Ray's core abstraction is a task - a remote function invocation. Ray uses these tasks to distribute computation across a cluster of machines. The key components of Ray are:

- **Workers**: Python processes that execute tasks.
- **Drivers**: The main Python script that defines and invokes remote tasks.
- **Object Store**: A distributed shared-memory object store.
- **Scheduler**: Assigns tasks to workers.

## 2. Setting up Ray

To use Ray, we first need to initialize it. This can be done locally or on a cluster.

In [2]:
# Initialize Ray
ray.init()

# You can also specify resources
# ray.init(num_cpus=4, num_gpus=1)

2025-11-06 23:40:38,301	INFO worker.py:1951 -- Started a local Ray instance.


0,1
Python version:,3.13.5
Ray version:,2.49.2


## 3. Remote Functions and Parallel Execution

Ray allows you to execute functions remotely using the `@ray.remote` decorator. These functions can run in parallel on different machines or cores.

In [3]:
@ray.remote
def slow_function(i):
    time.sleep(1)  # Simulate a slow operation
    return i * i

# Execute functions in parallel
start_time = time.time()
results = ray.get([slow_function.remote(i) for i in range(4)])
end_time = time.time()

print(f"Results: {results}")
print(f"Time taken: {end_time - start_time:.2f} seconds")

Results: [0, 1, 4, 9]
Time taken: 2.74 seconds


In this example, we define a `slow_function` that simulates a time-consuming operation. By using `@ray.remote`, we can execute multiple instances of this function in parallel, significantly reducing the total execution time.

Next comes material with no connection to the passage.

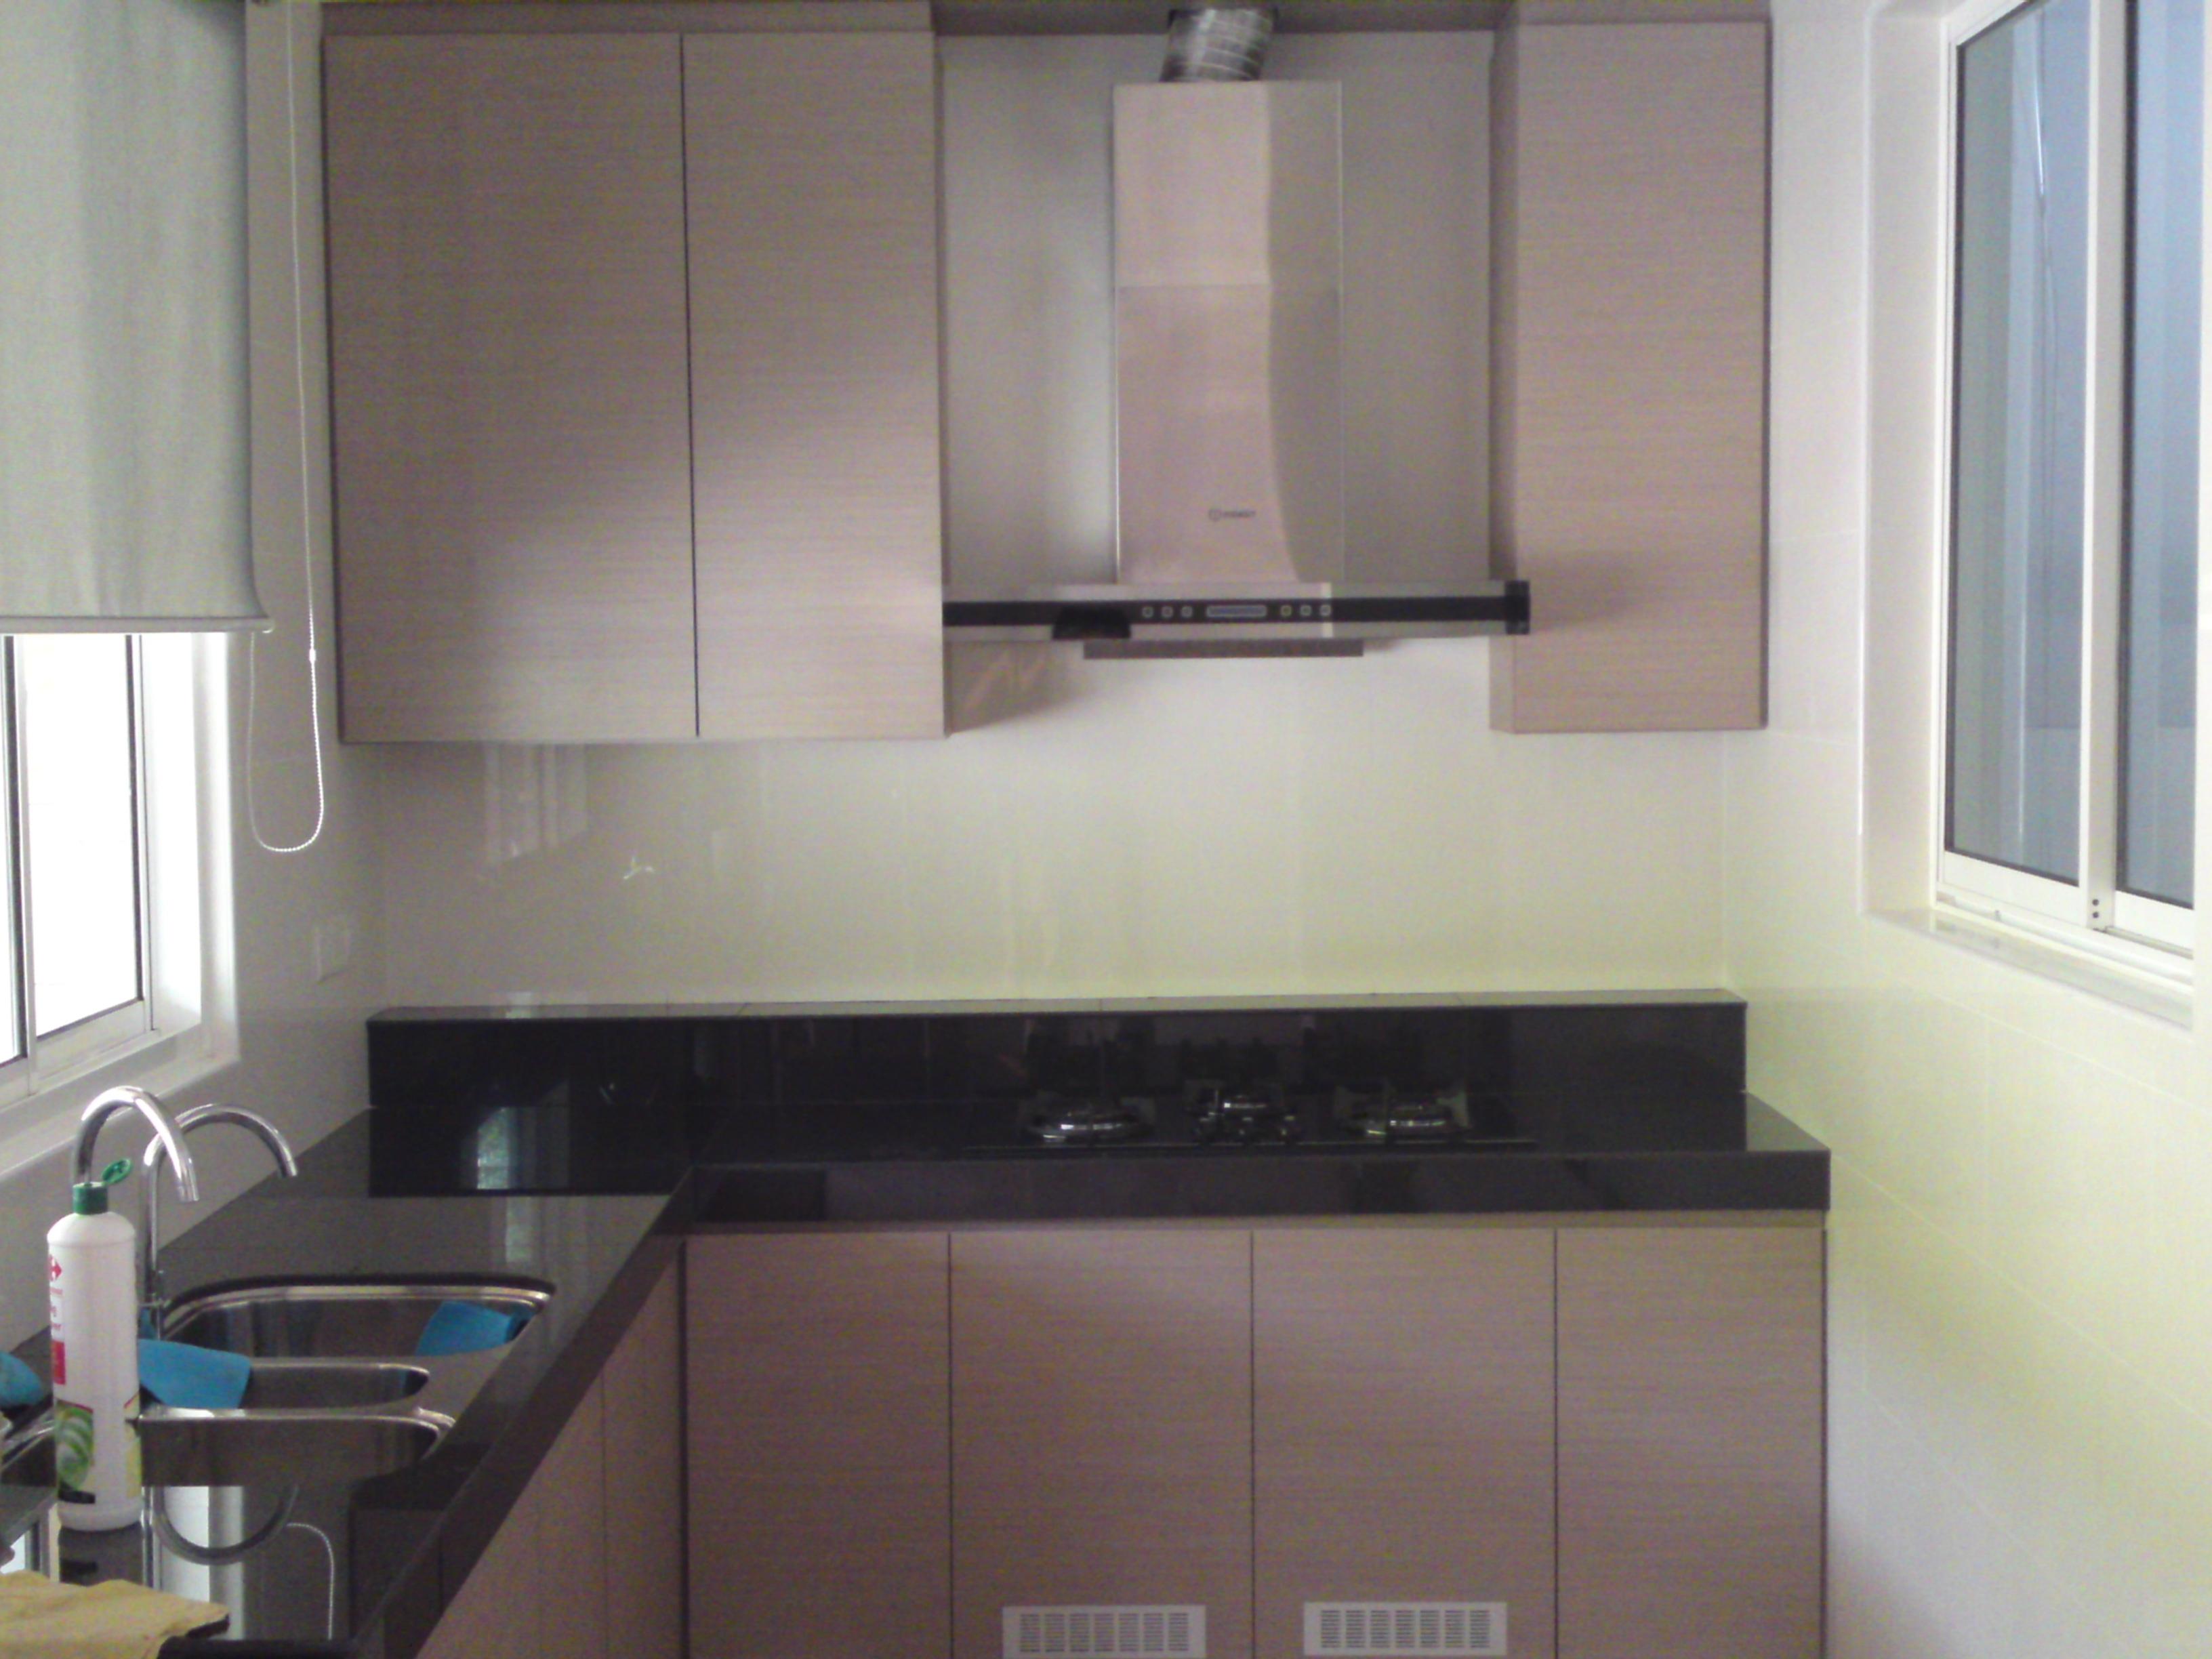 kitchen cabinet ecstatify laminate kitchen cabinets materials formica kitchen cabinets laminate kitchen cabinets painting or refacing formica cabinets
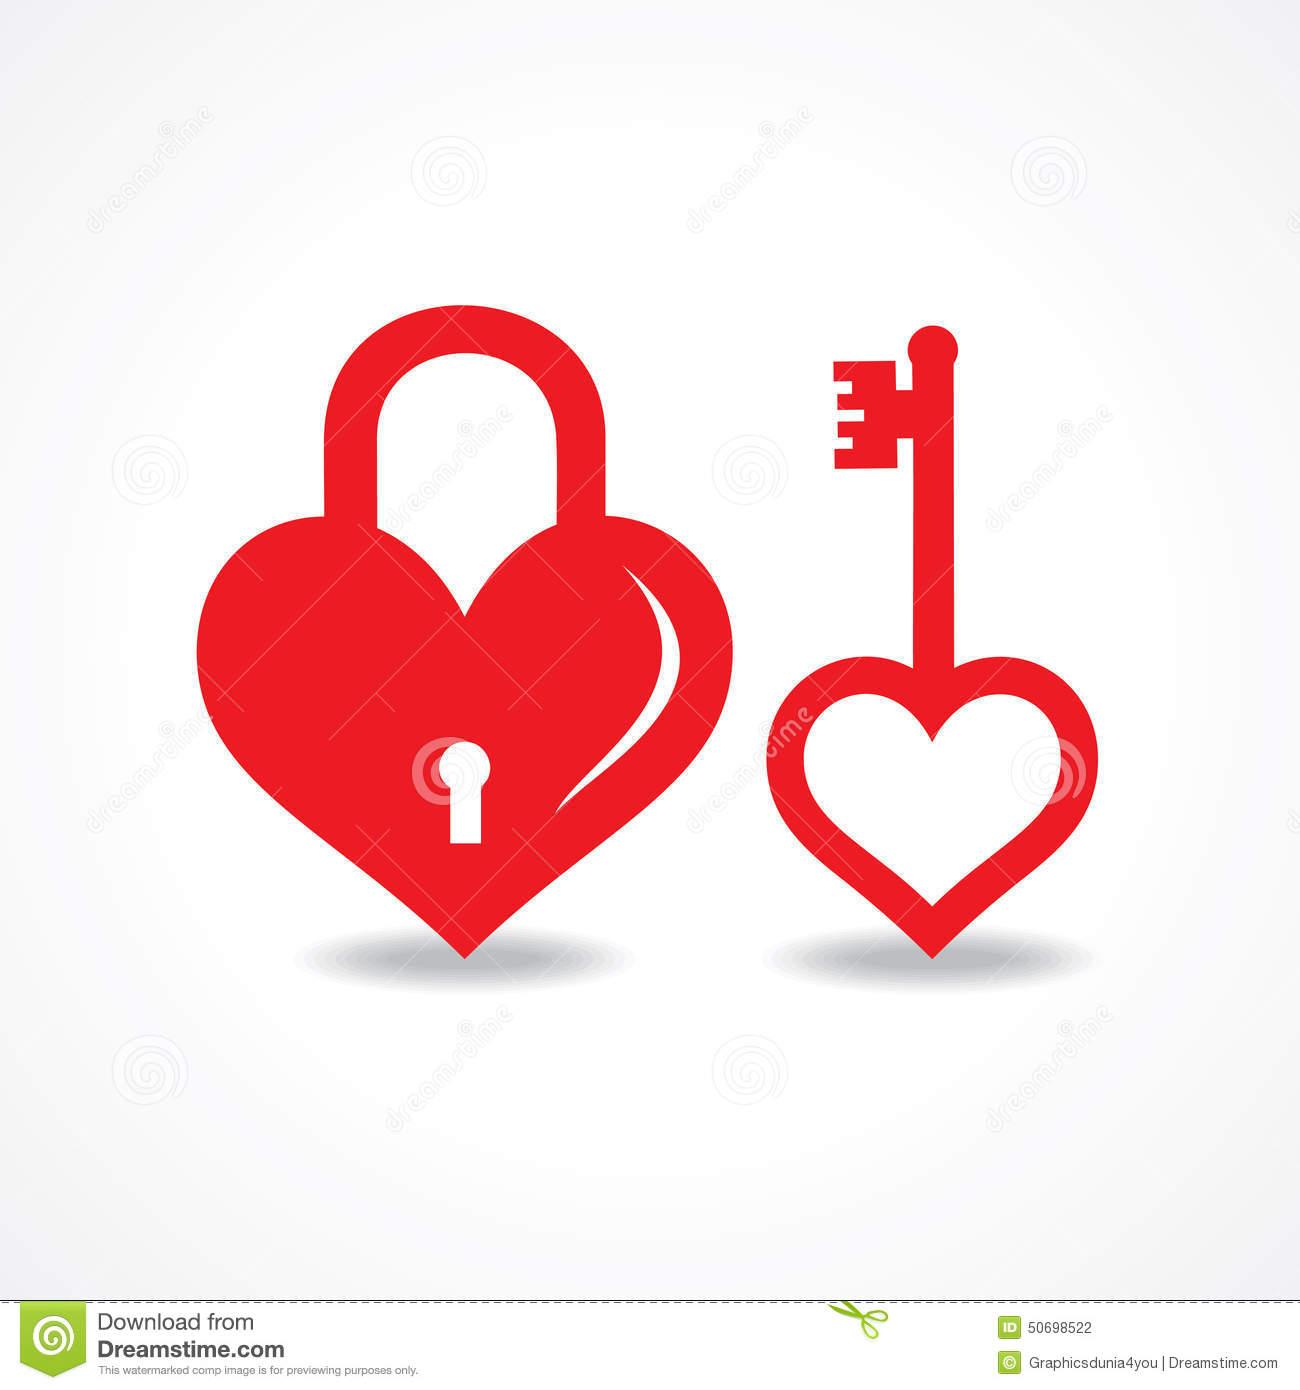 Black Rose Wallpaper 3d Super Love Heart Background 11560 Hdwpro

## 4. Ray Tasks vs. Actors

Ray provides two main abstractions for parallel computation:

1. **Tasks**: Stateless functions (like we saw above)
2. **Actors**: Stateful workers

Let's look at an example using an Actor:

In [4]:
@ray.remote
class Counter:
    def __init__(self):
        self.value = 0
    
    def increment(self):
        self.value += 1
        return self.value

# Create an actor
counter = Counter.remote()

# Increment the counter in parallel
results = ray.get([counter.increment.remote() for _ in range(5)])
print(f"Counter values: {results}")

Counter values: [1, 2, 3, 4, 5]


In this example, we create a `Counter` actor that maintains its state across method calls. This is useful for scenarios where you need to maintain state in a distributed setting.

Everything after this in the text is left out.